Reefer Madness – Marijuana and Construction
As laws pertaining to marijuana use, whether based on medicinal or recreational use evolve, the implications of usage will continue to have a growing impact on the construction industry. As such it is important for contractors to keep abreast of the status of the laws pertaining to this important issue. There are a number of laws which are directly implicated including the following.
The United States Department of Transportation does not authorize “medical marijuana” under state law to be a valid medical explanation for a transportation employee’s positive drug test result.
The Federal Drug Free Workplace Act requires some Federal contractors to agree to provide drug-free workplaces as a condition to being awarded contracts. Contractors with at least one contract greater than $100,000 require all employees to be covered. Some of the requirements include publication of a policy statement regarding the unlawful use of controlled substances stating that such use is prohibited in the workplace, the establishment of a drug-free awareness program and making an ongoing, good faith effort to maintain a drug-free workplace.
Contrary to some beliefs, the Americans with Disabilities Act (“ADA”) does not require employers to accommodate marijuana usage for medical conditions. Nor does the ADA cover employees who use illegal drugs.
The Controlled Substance Act classifies marijuana as a Schedule 1 drug, and as such Florida employers should be able to enforce zero drug policies. While such policies may conflict with an employee’s right to use medically authorized marijuana outside of work, courts seem to be upholding an employer’s right to terminate employees based on violation of zero tolerance drug use policies.
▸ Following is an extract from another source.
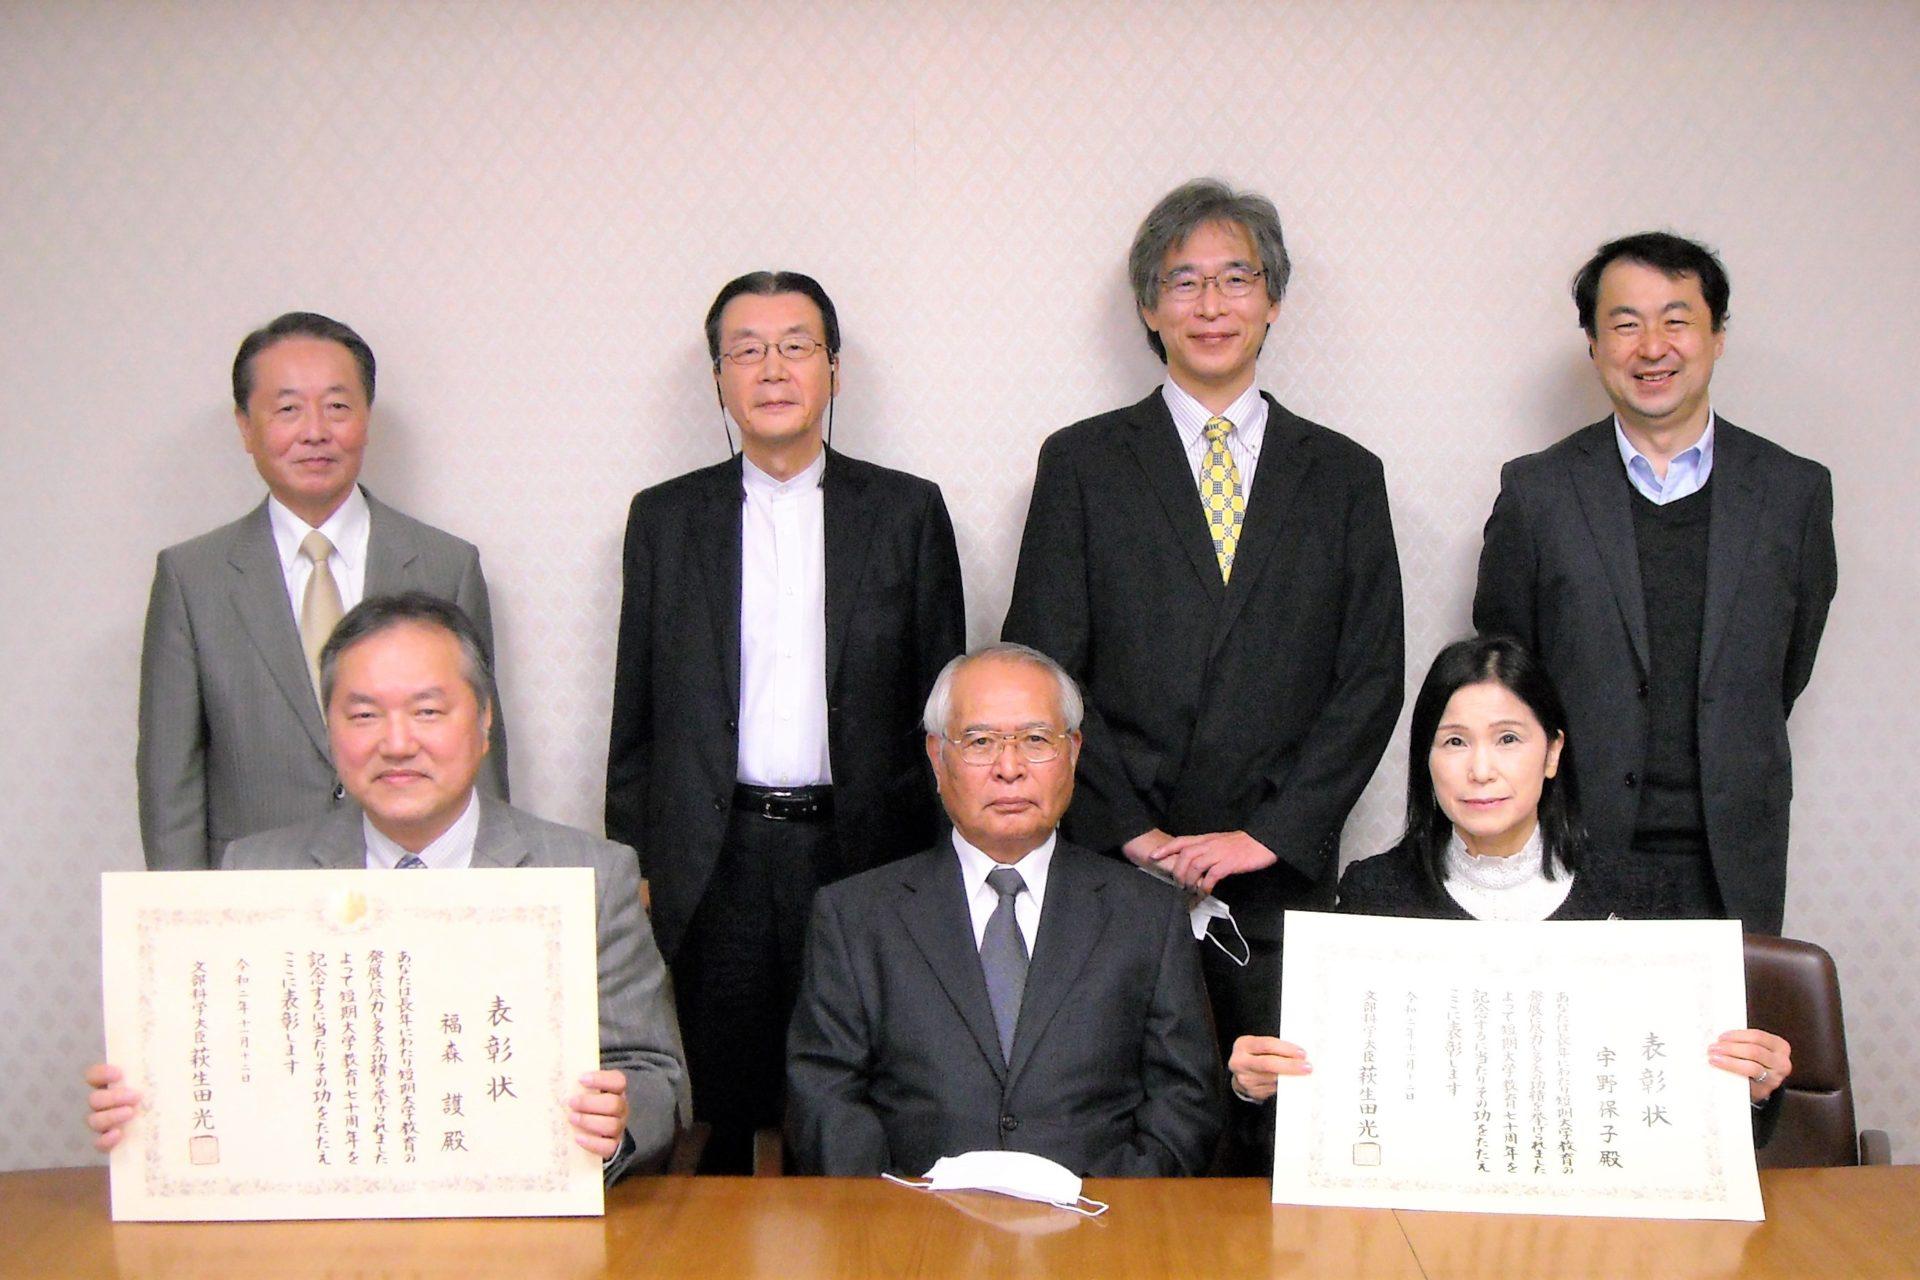 表彰を受けた福森護教授(左)と宇野保子元教授(右)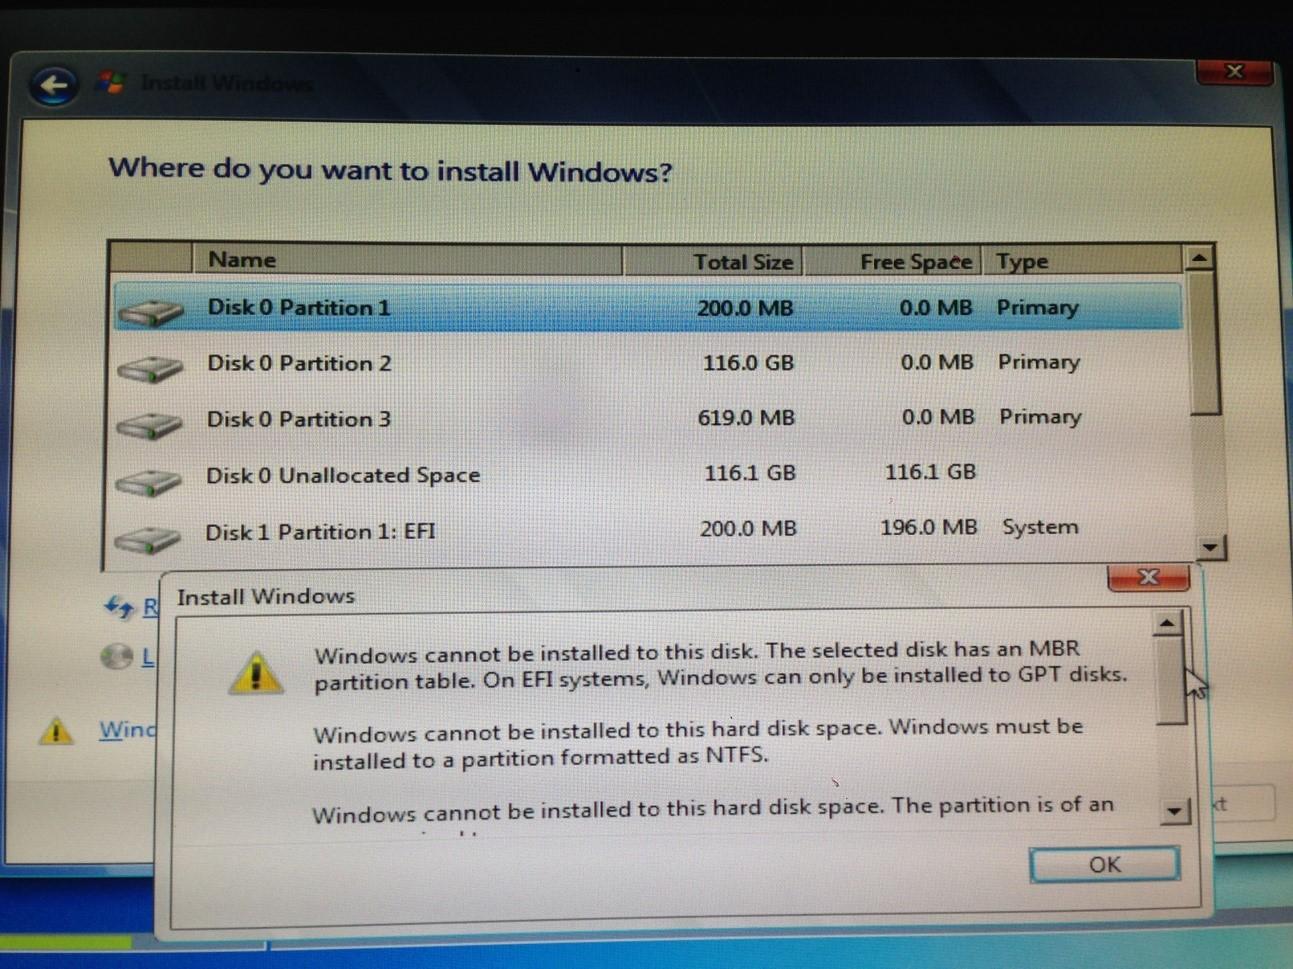 các lỗi trong quá trình cài đặt Windows

Worker’s Compensation is another area implicated by marijuana use. Florida Statute §440.102, impacts how employers may operate drug-free workplace programs. Employers may receive discounts on their workers’ compensation premiums by implementing drug-free workplace programs. However, as Florida’s new medical marijuana law, provides that marijuana is not reimbursable under the workers’ compensation statute, employers who allow medical marijuana use under their drug policies may not be entitled to workers’ compensation discounts.
In adopting the “medical marijuana” law, the Florida Legislature did not intend to interfere with Florida employers’ current drug policies and programs. Not only would allowing medical marijuana use potentially increase an employer’s workers’ compensation premiums, employers would face the inherent risks that accompanies impaired employees at the workplace.
Under any circumstance, contractors should have a clearly delineated drug use policy and should keep abreast of the changing landscape concerning use of marijuana by consulting with competent legal counsel and experienced insurance professionals.